Their lean story began six years ago when Luigi Marroni, a senior executive heading Fiat’s global tractor operations, was asked to become the Director of the regional healthcare system in Florence, his home town. From the beginning he told them lean would be part of their journey to modernise these ancient institutions. Six years later a thoroughly modernised interior is taking shape inside these beautifully restored historic buildings and his growing team of lean engineers led by Dr. Maria Teresa Mechi are transforming the way doctors and nurses work within them. They also have four other hospitals and the responsibility for the entire regional public health system, so they will be busy for many years.

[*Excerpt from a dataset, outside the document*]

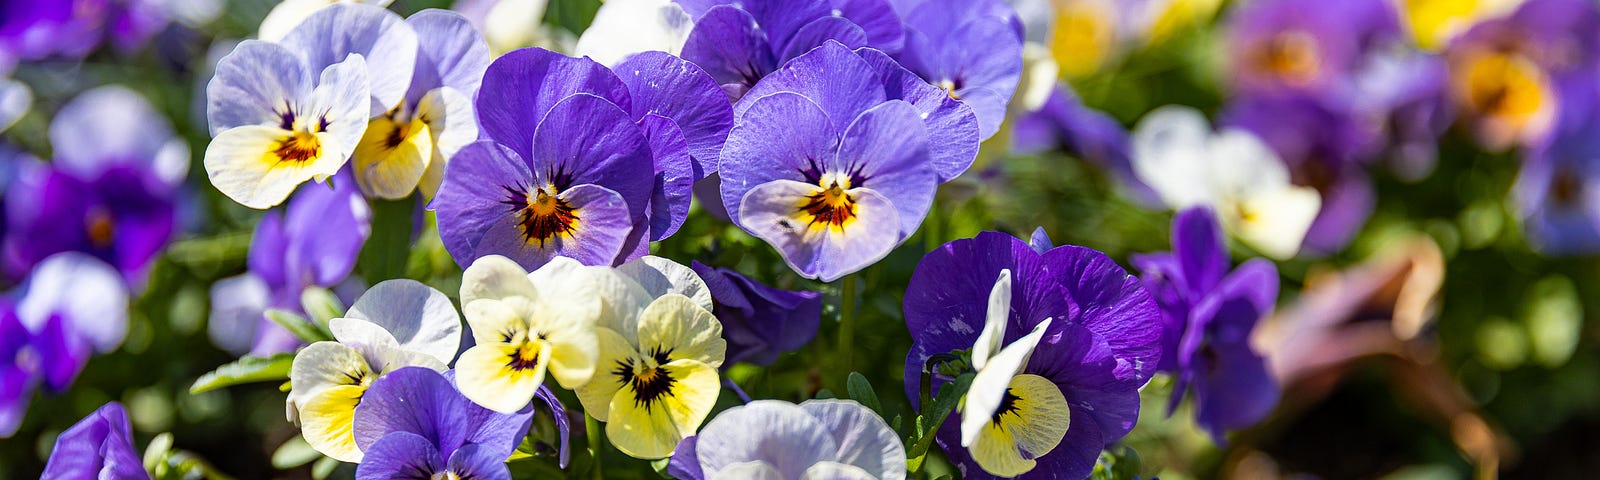 Cluster of violet, white and yellow pansies

What is so refreshingly different about their approach is that they look at the hospital as a whole organisation and understand exactly the importance of using lean to improve the overall performance of the hospital and its bottom line. But they also understand very clearly the importance of looking at the fine grained detail of how doctors, nurses and other hospital staff work together to progress patients through the hospital. And one of the first things they did was to organise and recruit managers (many of them clinicians and senior nurses) to run each of the major patient flows from end-to-end. Of course they did training sessions and workshops — but only in the context of the problems they were trying to solve.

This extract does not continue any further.